Active site loops of membrane-anchored metallo-β-lactamases from environmental bacteria determine cephalosporinase activity

Abstract

Antimicrobial resistance is a significant global public health threat that limits treatment options for bacterial infections. This situation is aggravated by the environmental spread of β-lactamase genes. In particular, metallo-β-lactamases (MBLs) hydrolyze almost all available β-lactam antibiotics, including late-generation cephalosporins and carbapenems. Among MBLs, the New Delhi metallo-β-lactamase (NDM-1) of subclass B1 has shown the most ominous dissemination. NDM variants are the only MBLs of clinical importance that are membrane-anchored, a sub-cellular localization that endows them with high stability under conditions of metal limitation. However, antibiotic resistance predates modern antibiotic usage, and environmental bacteria serve as reservoirs for resistance genes. Here, we report the biochemical and structural characterization of two membrane-bound MBLs: CJO-1 and CIM-2, from Chryseobacterium joostei and Chryseobacterium indologenes, respectively. Both MBLs confer β-lactam resistance on producer bacterial strains and hydrolyze several antibiotics, although with impaired efficiency compared to NDM-1. Crystal structures reveal differences, compared to previously studied B1 MBLs, in the active site loops and their dynamic properties that impact activity. Specifically, a hindered access to the active site with the contribution of a Tyr residue in loop L10 and the presence of a positively charged Lys residue in loop L3 limit hydrolysis of cephalosporins with charged C3 substituents. Some of these novel features are preserved in other MBLs from Chryseobacterium spp. These findings suggest that Chryseobacterium spp. could act as reservoirs of MBL genes, while informing on the diversity of structure-function relationships and dynamic behaviors within the B1 subclass of these enzymes.
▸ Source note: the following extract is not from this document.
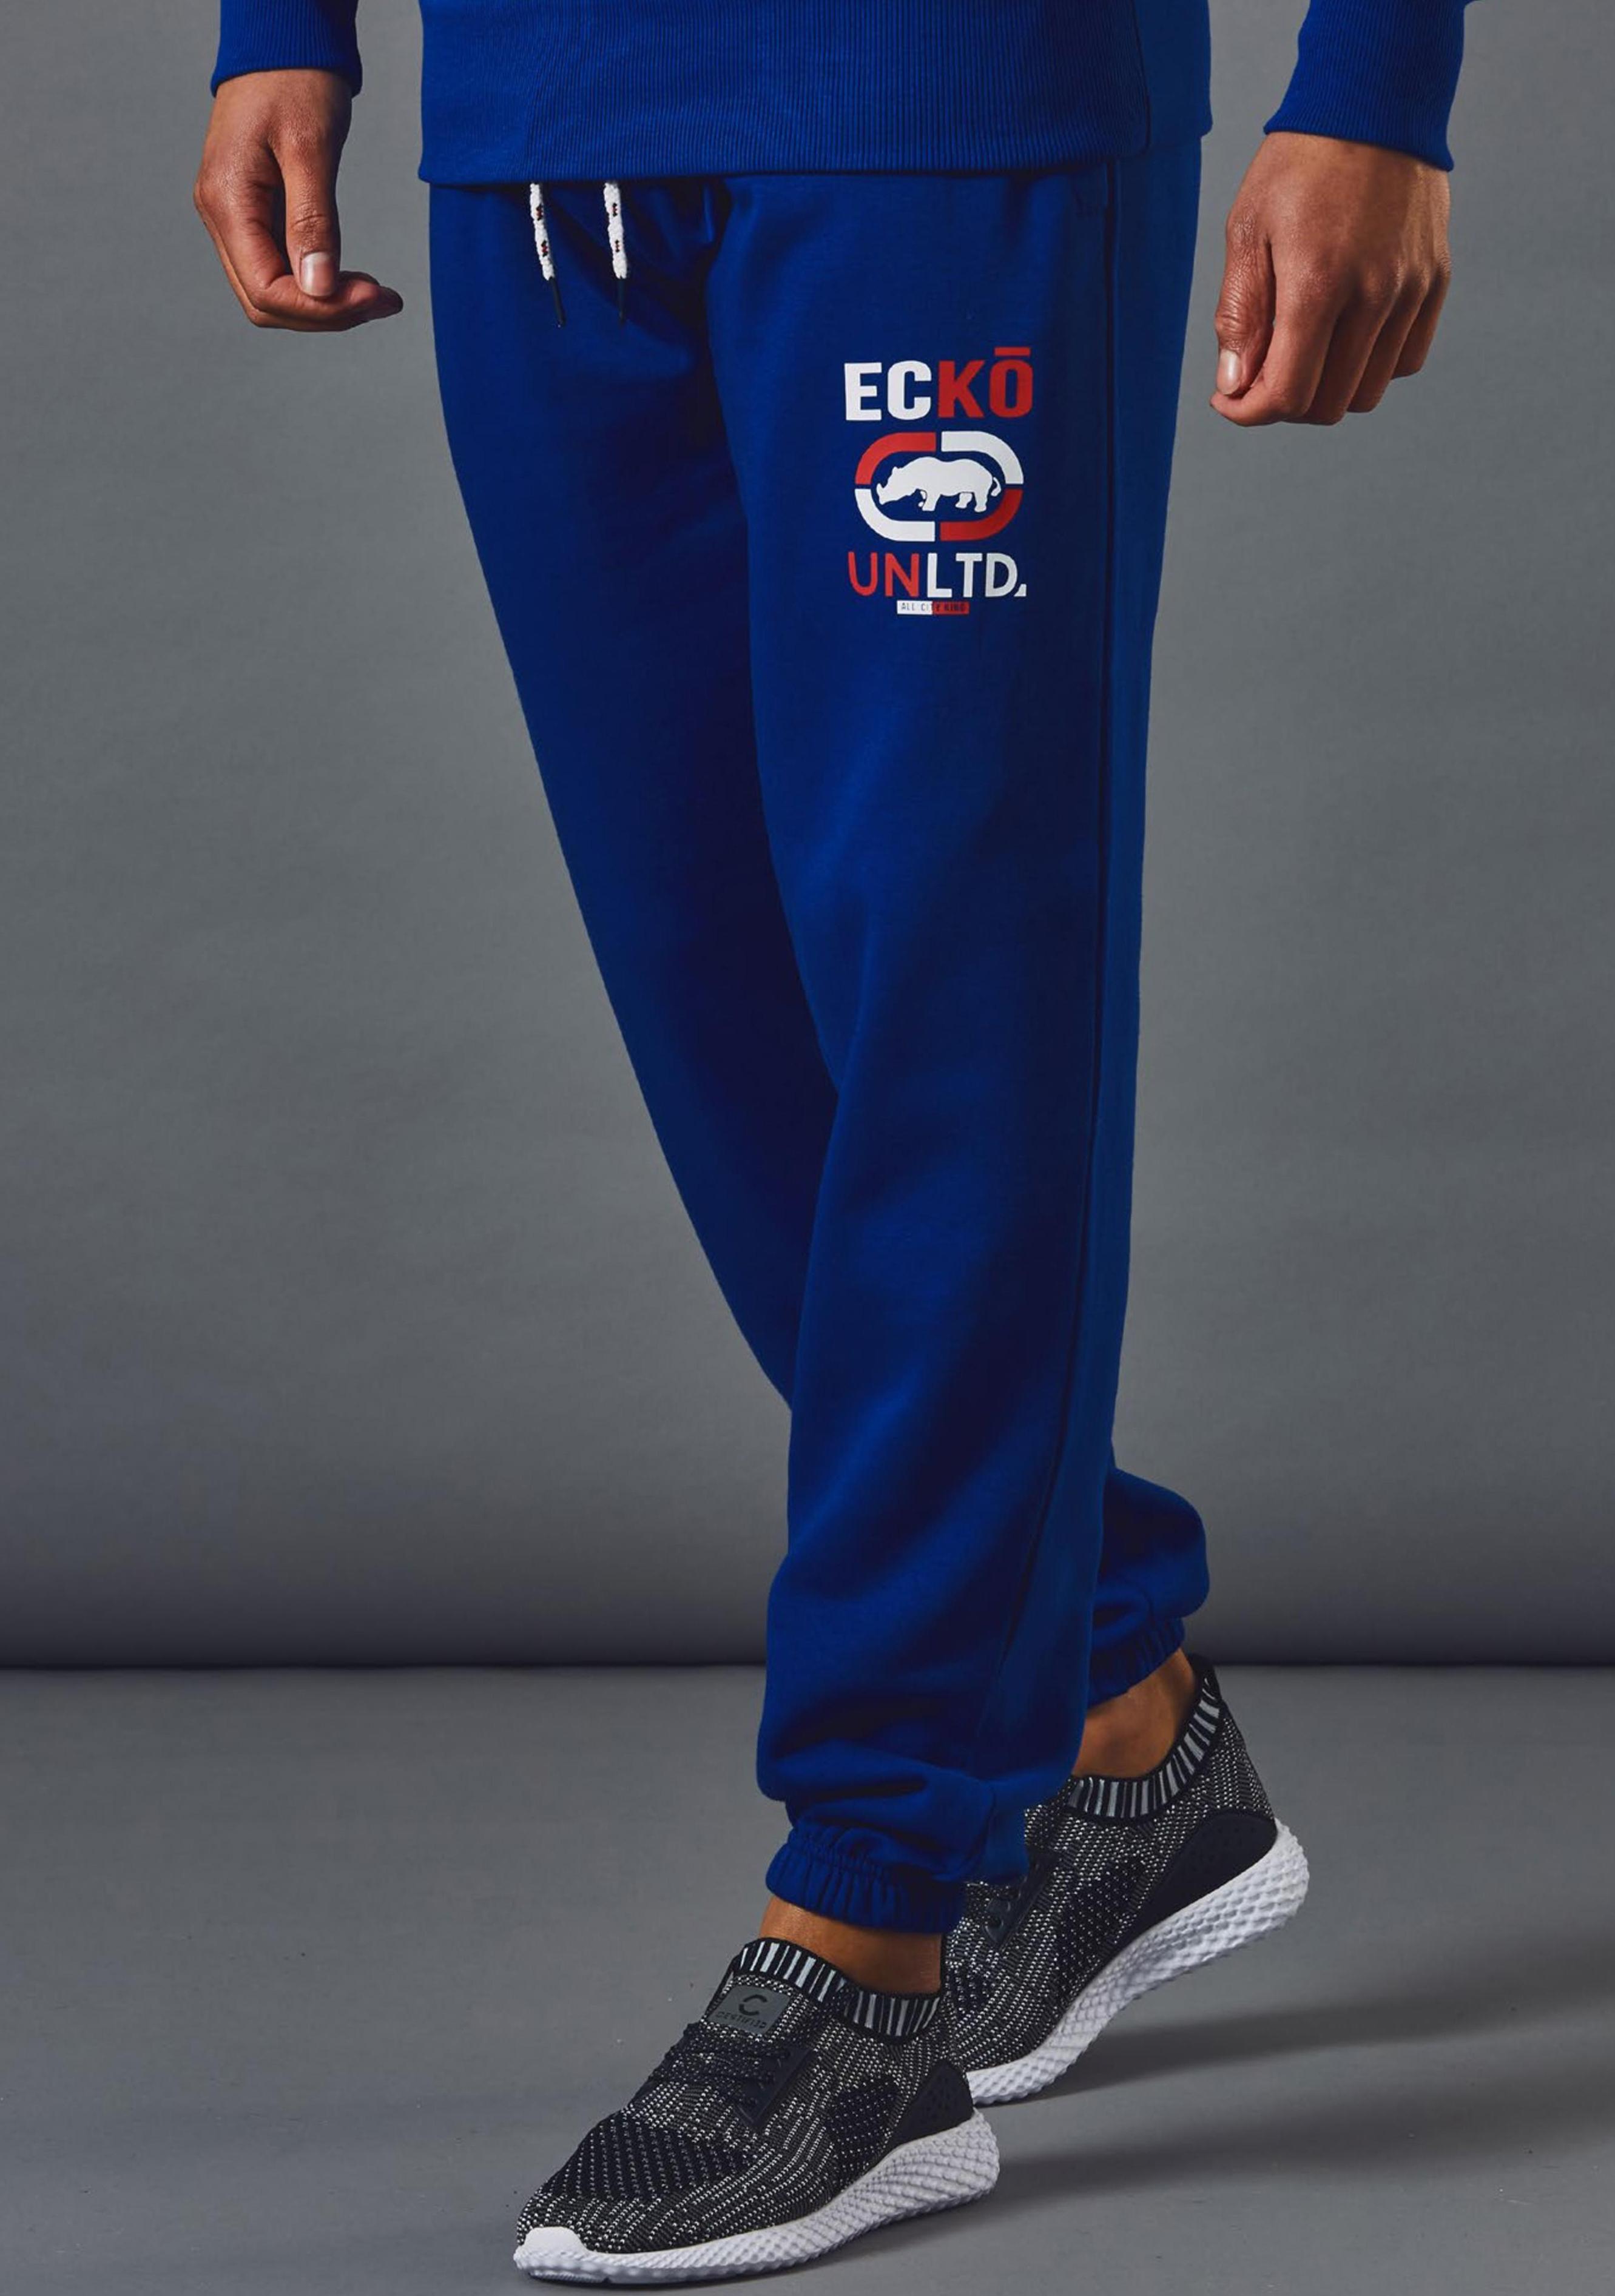 Mens Ecko Unltd Goodwood Fleece Jogging Bottom Sweat Pants

Keywords: Chryseobacterium spp.; NDM; membrane-anchoring; metallo-beta-lactamase.

Fig 1

Protein sequence alignment of CJO-1 and CIM-2 with NDM-1, IMP-1, VIM-2, and other Chryseobacterium B1 MBLs. The consensus Zn(II) ligands are indicated with an asterisk (*), putative lipobox sequences are underlined, and lipoboxes Cys are highlighted in yellow. The numbers indicate the residue positions at the ends of the sequences which differ from the standard numbering (BBL numbering [28, 29]). Loop L3 is indicated by a horizontal blue bar and corresponds to residues 59–67 in the standard numbering; loop L10 is indicated by a horizontal red bar and corresponds to residues 223–241 in the standard numbering. Dashes indicate gaps to align the sequences. The sequence alignment was visualized with Jalview (30).

Fig 2

Immunodetection of the putative Chryseobacterium MBLs CJO-1 (A) and CIM-2 (B) expressed in Escherichia coli. The lipoprotein NDM-1 is included as a positive control of a membrane-bound MBL. WC, whole cells; S, soluble fraction of the lysate; M, total membranes of the lysate; MM, molecular marker. The bands between 25 and 30 kDa correspond to the expressed MBLs. The band at 60 kDa corresponds to GroEL, used as a control.

Fig 3

Crystal structures of CJO-1 and CIM-2. Zn coordination residues are represented by sticks, Zn ions by gray spheres, and water molecules by red spheres. X-ray structure of CJO-1 (green, PDB 9GX9) from C. joostei (A). X-ray structure of CIM-2 (orange, PDB 9GX8) from C. indologenes (B). Superimposition of CJO-1 (green), CIM-2 (orange), and NDM-1 (cyan, PDB 5ZGY), showing the positions of key active site loops and the extended NDM-1 loop at position 169–192 (C).

Fig 4

Active site loops in CJO-1, CIM-2, and NDM-1. CJO-1 is colored green, CIM-2 orange, and NDM-1 cyan. Zn coordination residues and significant substitutions are presented as sticks; Zn ions (Zn1 and Zn2) by gray spheres and water molecules by red spheres. Superimpositions of CJO-1, CIM-2, and NDM-1, with loops L3 and L10 colored according to the protein (A). Loop L10 conformations in CJO-1, CIM-2, and NDM-1, with active site residues involved in ligand binding highlighted (B). Loop L3 conformations in CJO-1, CIM-2, and NDM-1, with significant amino acids around the active site labeled (note, including at position 87 which is not on loop L3, but is potentially involved in ligand binding) and colored according to their respective proteins (C).

Fig 5

Representative structures obtained from molecular dynamics simulations. CJO-1 (A) and NDM-1 (B) are shown as cartoon representations with the catalytic Zn(II) ions and the oxygen atom of the catalytic hydroxyl ion shown as gray and red spheres, respectively. The electrostatic potential surfaces of CJO-1 (C) and NDM-1 (D) with negative, neutral, and positive potentials colored as red, white, and blue, respectively, in a scale from −8 to 8 k_BT/e_c.